Living The Outlaw Life in Suburban America: ‘Once the needle goes in, it never comes out’

Before he was a controversial film-maker, Larry Clark was a controversial photographer, recording his teenage life of drugs and addiction in Tulsa

‘There weren’t supposed to be drugs back then. It was supposed to be mom’s apple pie and white picket fences.”

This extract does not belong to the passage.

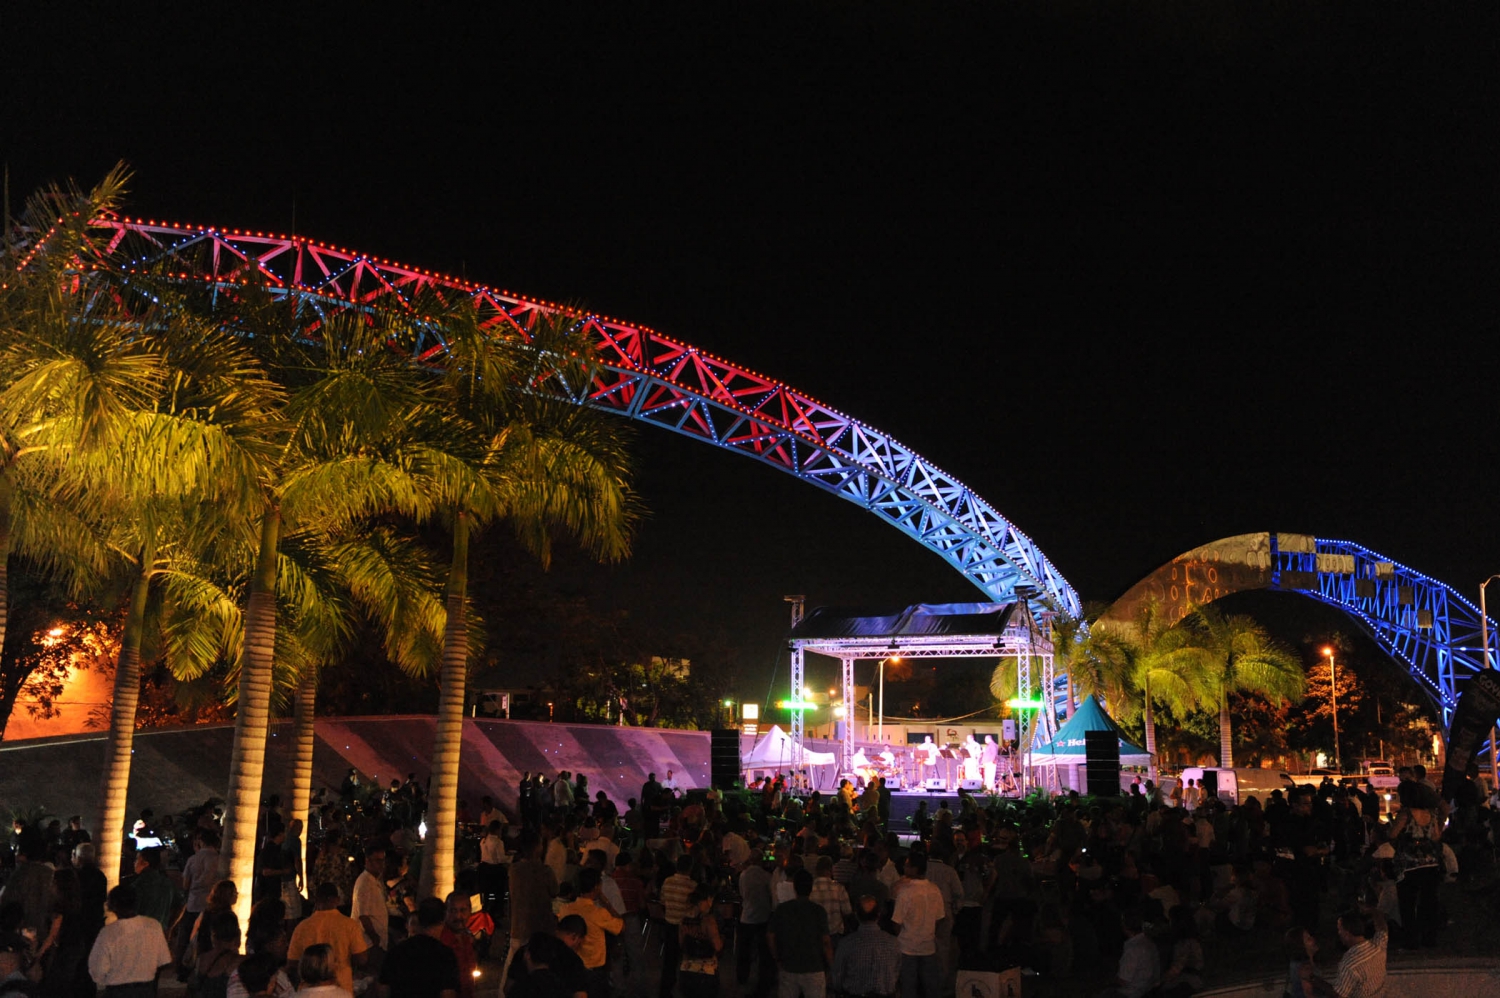 estrella del norte, live music activities in metro San Juan
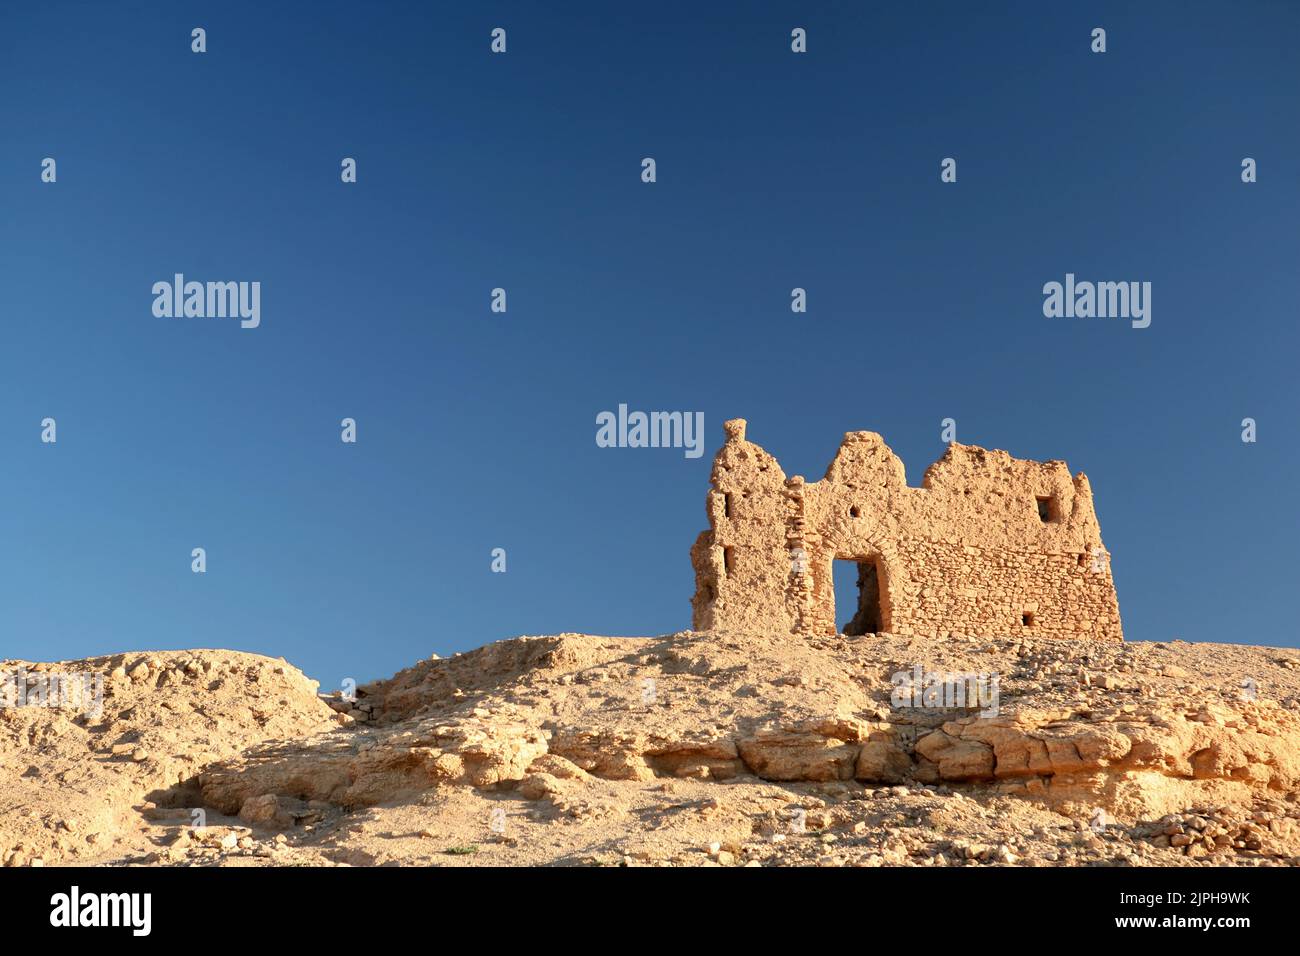 The Granary atop Ait BenHaddou - Morroco Stock Photo

– Larry Clark on drugs, outsiders and “a record of his secret teenage life.” in suburban America

 

Larry Clark

 

When director and photographer Larry Clark (born January 19, 1943)  returned home from Vietnam he continued to photograph his close friends and their drug use. Drafted into the US Army, from 1964 to 1965, Clark served in the Vietnam War in a unit that supplied ammunition to units fighting in the north.

 

 

Larry Clark was 16 in 1962, when he and his friends started shooting a drug store nasal inhaler that contained speed. When he returned home from Vietnam, he took heroin.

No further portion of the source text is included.